La mort est leur métier : The Act of Killing est un film documentaire assez ahurissant, dans lequel des criminels de guerre indonésiens aussi grotesques que glaçants, et jouissant d’une totale impunité grâce au régime qu’ils ont contribué à édifier, rejouent fièrement leurs crimes pour la caméra de Joshua Oppenheimer. Un film vérité qui met mal à l’aise, qui dérange.

Plus précisément, The Act of Killing porte sur le génocide de membres du Parti Communiste Indonésien en 1965, accusés d’avoir tenté un coup d’État déjoué par le général Suharto. Après avoir pris la tête de l’armée, le général a ordonné une violente répression des sympathisants du parti, causant entre 500 000 et 1 million de victimes torturées et massacrées en quelques mois.

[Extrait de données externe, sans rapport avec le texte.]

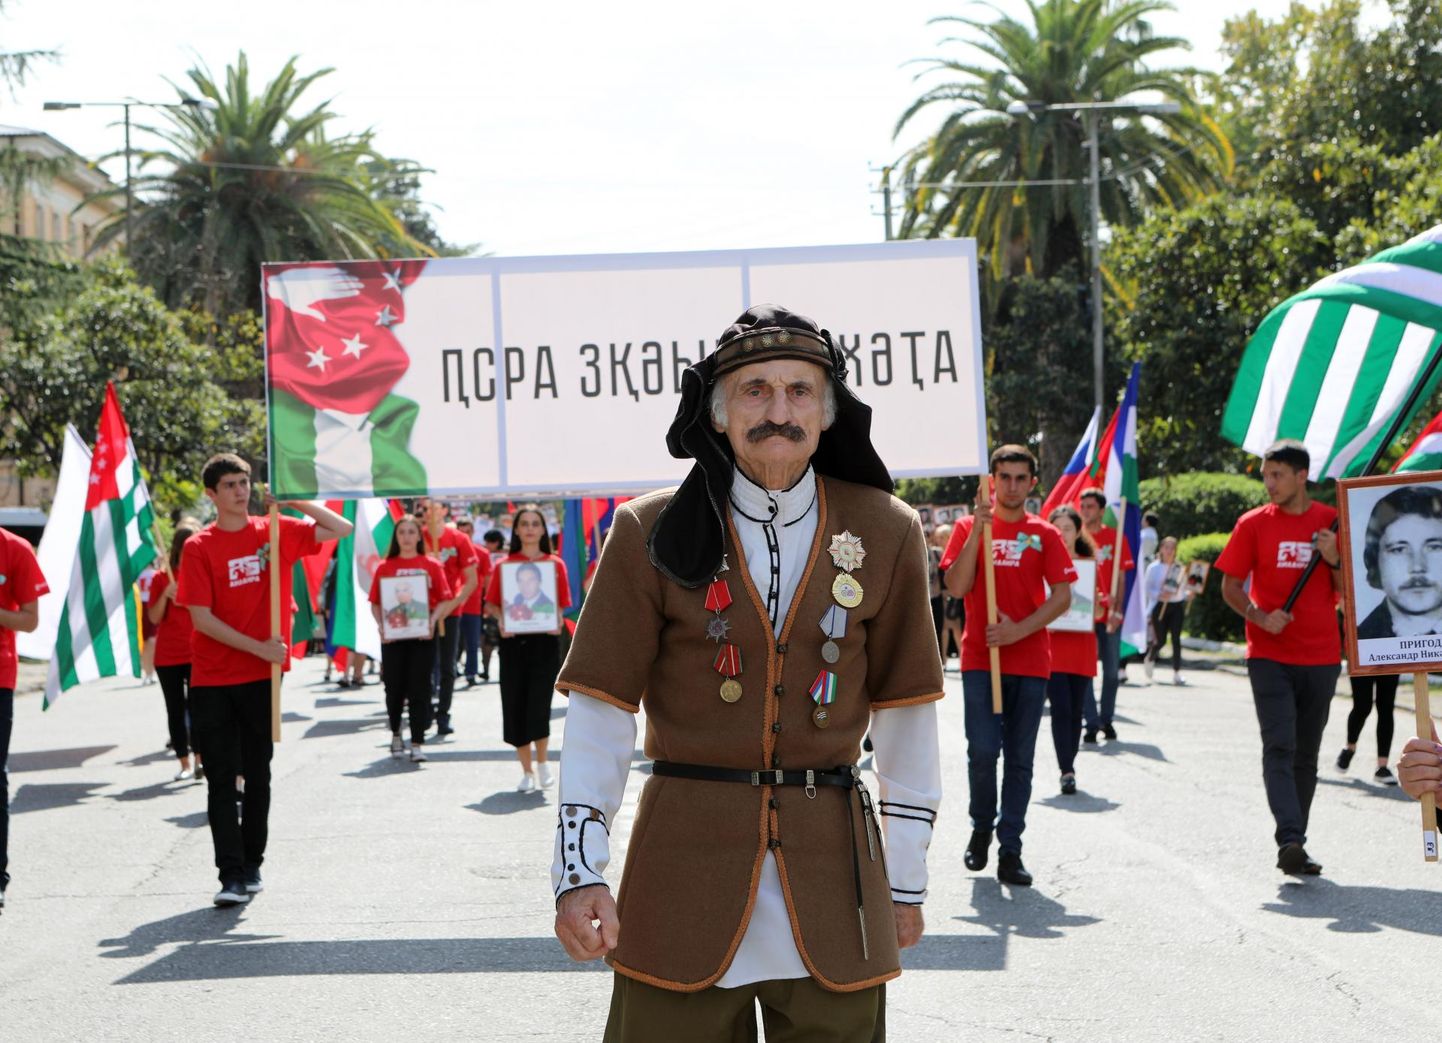 Abhaasia sõja võidu 25. aastapäeva tähistamine Suhhumis. Abhaasia sõja veteran rahvuslikus kostüümis juhtimas Abhaasia lippe lehvitavate noorte aktivistide kolonni.
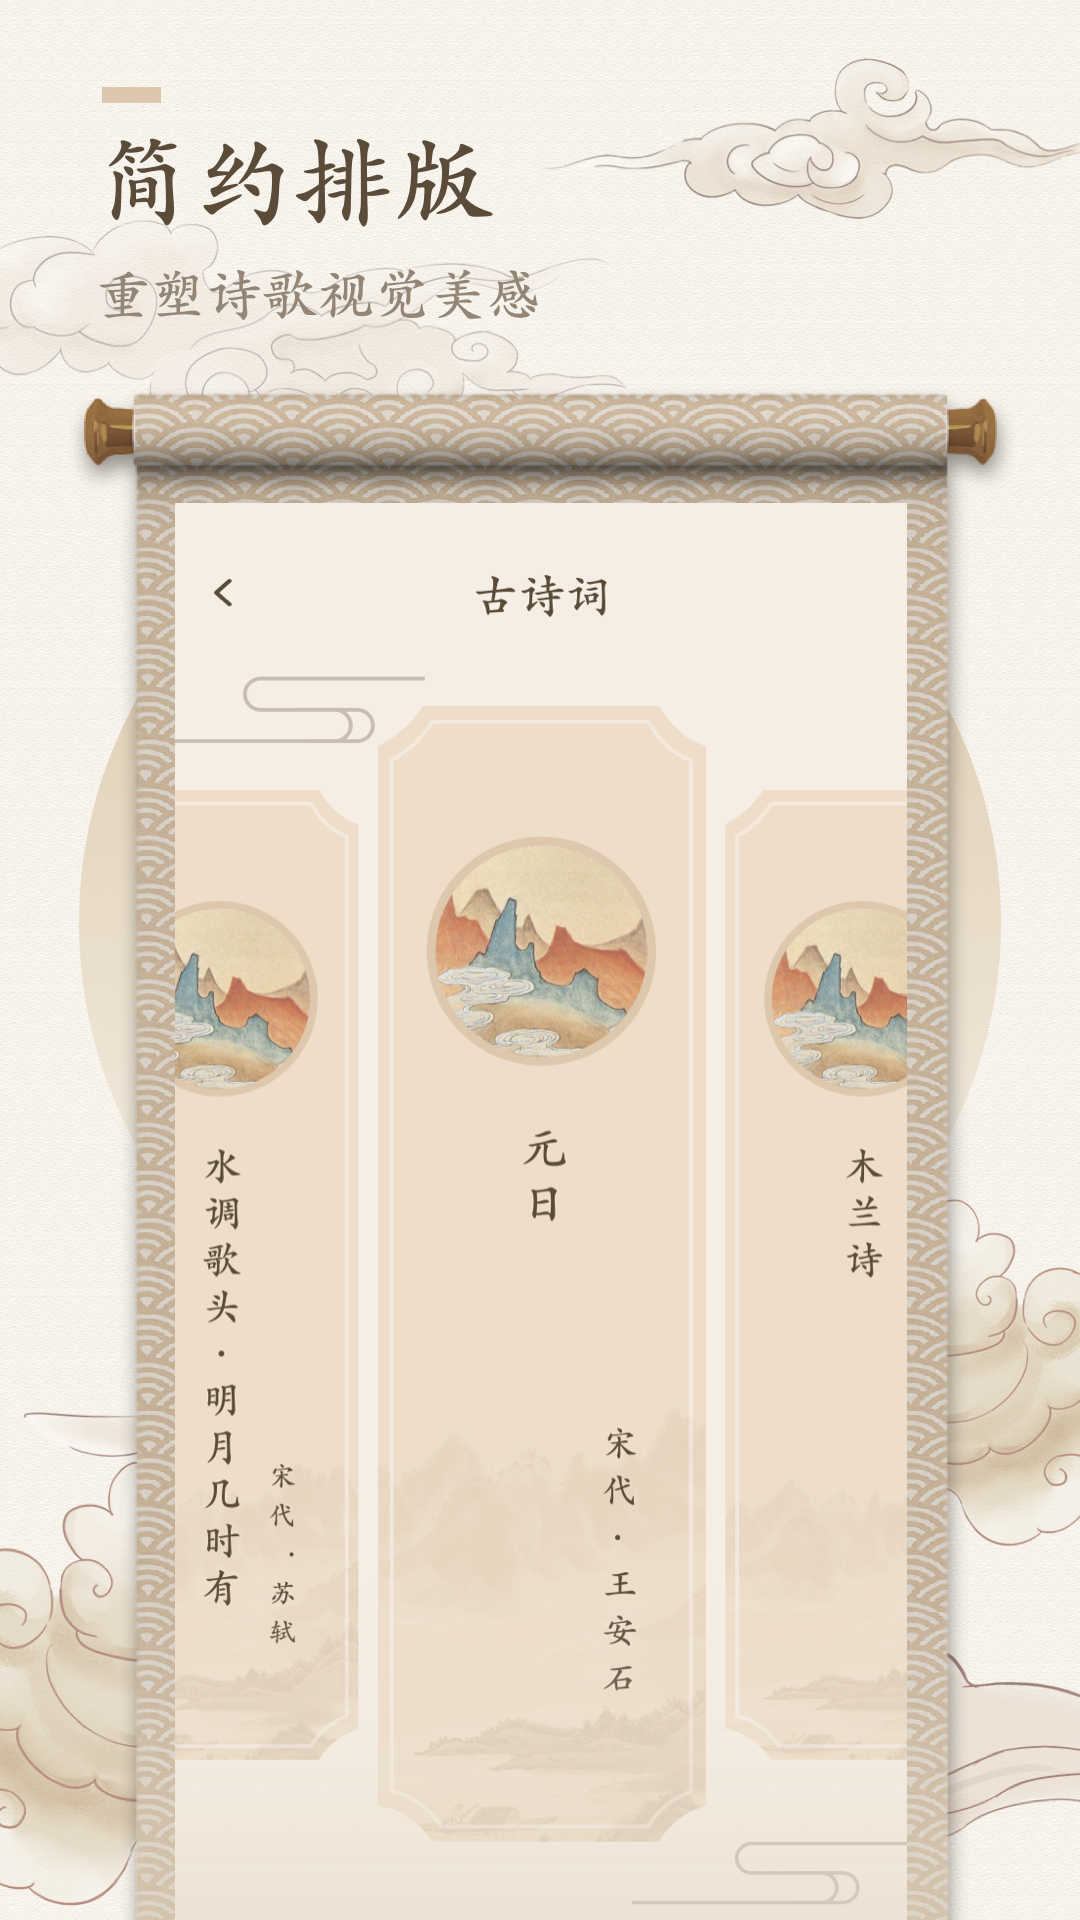 海棠书屋app

The Act of Killing raconte notamment la vie d’Anwar Congo, un mafieux de Medan qui est devenu l’assassin principal des membres du Parti communiste de cette ville en 1965 et en 1966. Les spectateurs assistent, effarés, à la manière dont Anwar raconte sa cruauté sans fard ni état d’âme.

The act of killing1

Les origines de The Act of Killing

L’idée de The Act of Killing , le réalisateur américain l’a lors de son premier voyage à Sumatra en 2001. A cette époque, il tournait un documentaire sur les ouvriers des plantations de palmiers à huile dans la région de Matapao [dans le nord de l’île de Sumatra]. “Je voulais montrer les problèmes de ces ouvriers ainsi que leurs difficultés à former un syndicat d’ouvriers”, explique Oppenheimer.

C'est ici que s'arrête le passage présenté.